Court of Appeals of the State of New York
Apr 11, 1882
88 N.Y. 546 (N.Y. 1882)

Summary

In Badger v. Badger (88 N.Y. 546) it was held that a conversation between the deceased and a third party, to which the witness was merely a listener, was not a personal transaction or conversation between her and the deceased, and that as to it she was a competent witness.

Summary of this case from Griswold v. Hart

Opinion

Argued March 16, 1882

Decided April 11, 1882

Geo. B. Ely for appellant. S.M. Parsons for respondents.



The plaintiff claims dower in the lands of Jacob Badger, deceased, whom she alleges to have been her husband. The defendants deny the marriage, and so raise an issue of fact which forms the vital point of the controversy. No formal or ceremonial marriage is proven, nor any express agreement between the parties constituting such relation. The proof offered is that of cohabitation continued for a long period of time, and characterized by general repute, and by conduct and conversation indicating, as is claimed, an intercourse rather matrimonial than meretricious. It is not our duty to solve the problem raised by the evidence, but some general understanding of the facts is necessary to a proper appreciation of the questions of law which are submitted for decision.

The decedent appears to have lived two lives. They ran parallel with each other for more than a third of a century, and without approach or collision. In one locality, and among his own relatives and friends, he seemed to be a bachelor possessing considerable wealth; at the head of a respectable business; occupying rooms with his sister and with others during much of the period; and if not always at home, yet not so frequently absent as to arouse suspicion or remark. In another locality in the same city, but perhaps in an humbler neighborhood, he appears as John Baker; living with the plaintiff as his wife; introducing her as such; called uncle by her nephew, and deemed father by her daughter; paying her bills and expenses; furnishing her with the food and shelter which he shared; nursing her through severe and continued illness; seldom absent at night; attending her mother's funeral as one of the family of mourners; the intercourse creating no scandal, but reputed to be virtuous and respectable, and that of husband and wife.

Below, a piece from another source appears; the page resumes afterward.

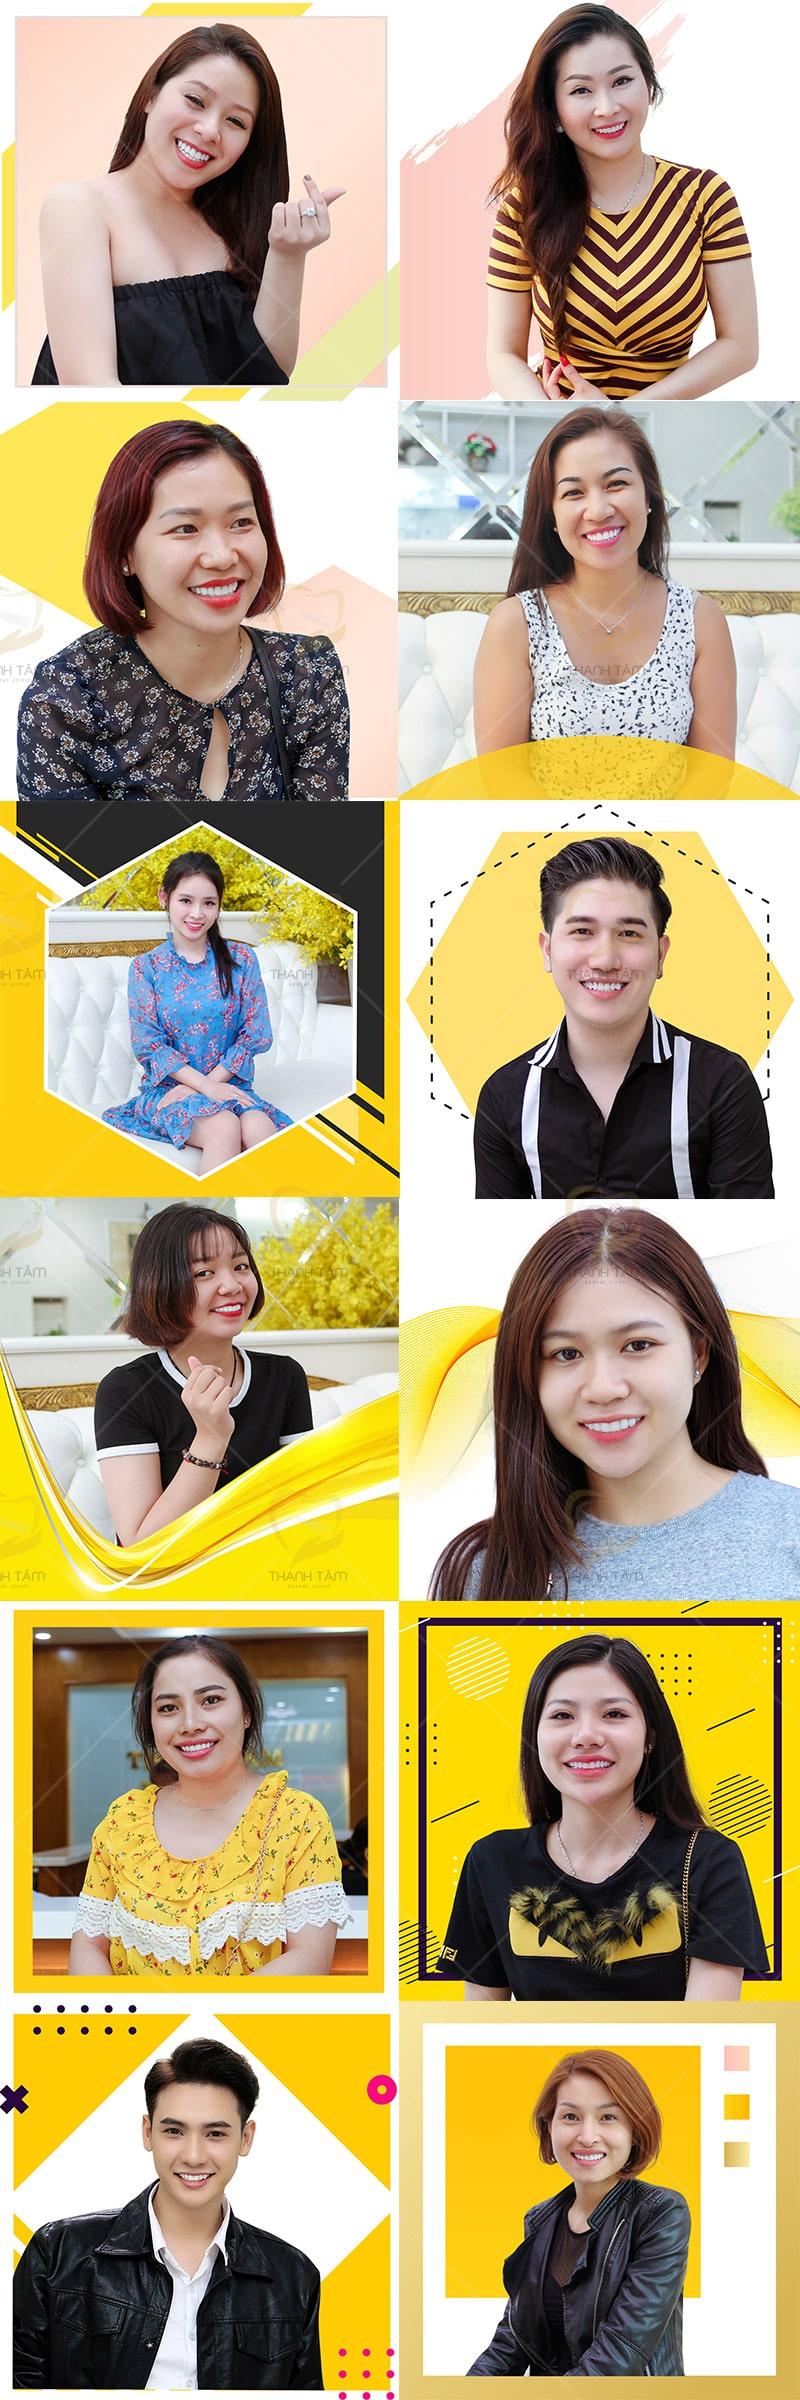 hình ảnh khách hàng bọc răng sứ tại nha khao Thanh Tâm

It is over this cohabitation, and its true character and meaning that the controversy arises. So far as we know, the association began when the plaintiff was young, and the decedent in middle life, and continued until he fell dead, and old man of seventy-six. It lasted without break or interruption. It survived the loss of youth and its attractions; it ran on through sickness, paralysis, and some degree of mental weakness; it showed no trace of the satisfied passion that tires of its victim and abandons her for new temptation; it did not change when the girl had grown into the matron and become deaf and lame; it stayed with the tenacity of love and duty, remaining patient and faithful until the end. It is argued with great force, that if this relation was that only of lover and mistress, it approached strangely near to matrimonial truth and devotion, and gave to unlawful lust an endurance and virtue not common or expected.

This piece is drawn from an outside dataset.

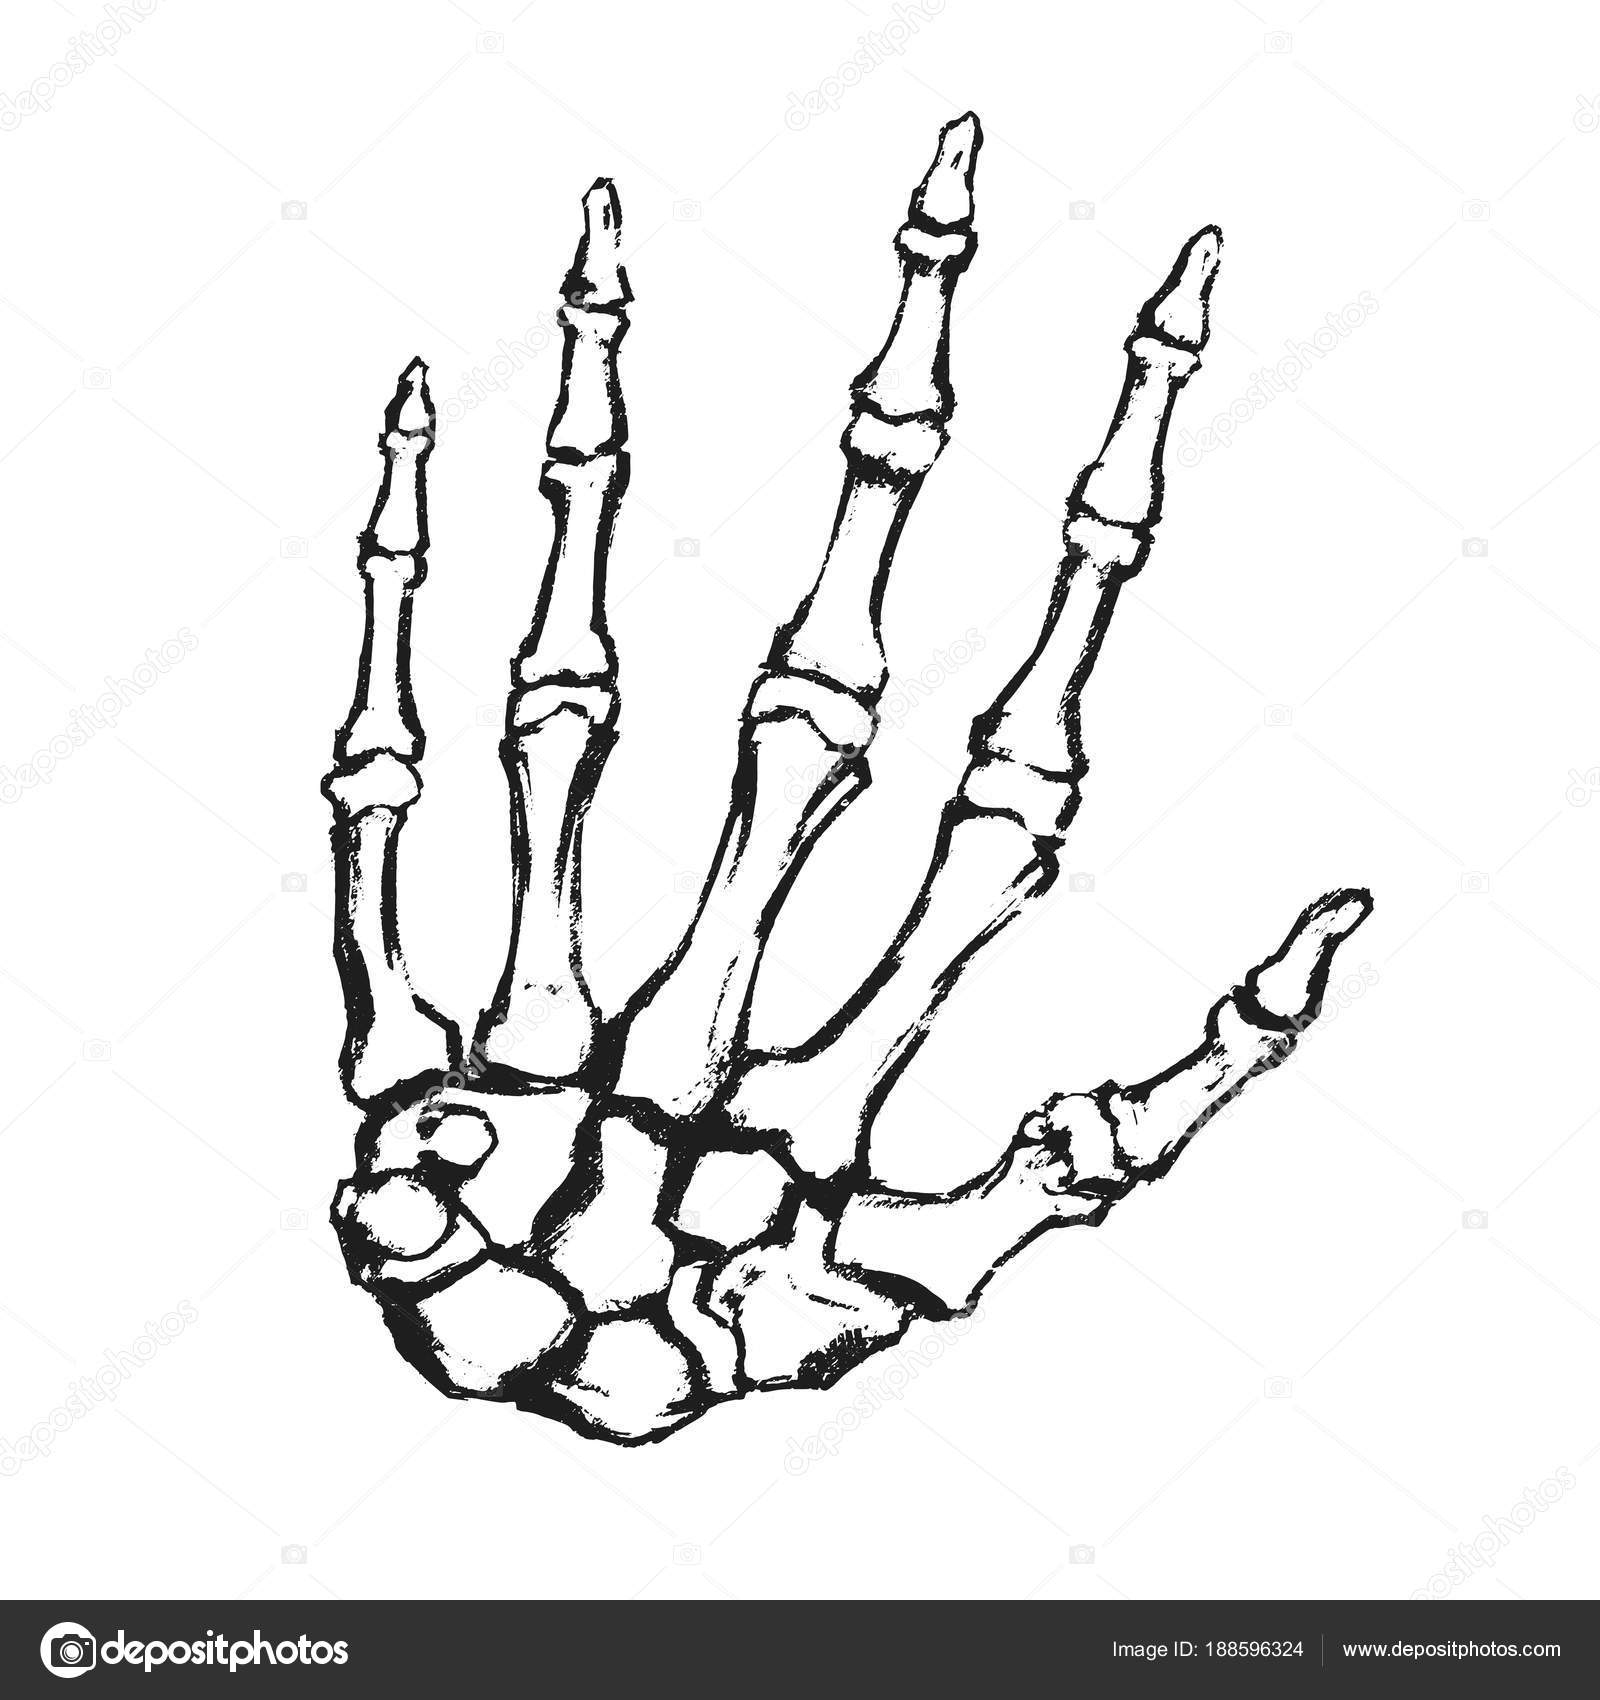 Hand Gezeichnet Hand Bones Anatomische Zeichnung Menschliche Skelett ...

The reputation attending this cohabitation in the neighborhood where it existed and was known among those brought into its presence by relationship, business, or society, was that which ordinarily attends the dwelling together of husband and wife. It has been well described as the shadow cast by their daily lives. (1 Bishop on Marriage and Divorce, § 438.) In the general repute surrounding them, the slow growth of months and years, the resultant picture of forgotten incidents, passing events, habitual and daily conduct, presumably honest because disinterested, and safer to be trusted because prone to suspect, we are enabled to see the character of the cohabitation, and discern its distinctive features. It is for that reason that such general repute is permitted to be proven. It sums up a multitude of trivial details. It compacts into the brief phrase of a verdict the teaching of many incidents and the conduct of years. It is the average intelligence drawing its conclusion. It would leave us without serious doubt of the true inference to be adopted, but for the apparent concealment indicated by the assumption of a false name, and the persistent silence of the decedent among his own relatives. We have no certain explanation of these facts. We cannot tell why they existed. While not necessarily inconsistent with the fact of a marriage, and perhaps possible of explanation, we cannot deny that they belong more naturally to, and are more easily explained by an illicit and clandestine intercourse, than one honest and open and not needing disguise. They tended, therefore, to throw some doubt upon the character of the cohabitation, and to raise over it a question as to the legitimate inferences to be drawn.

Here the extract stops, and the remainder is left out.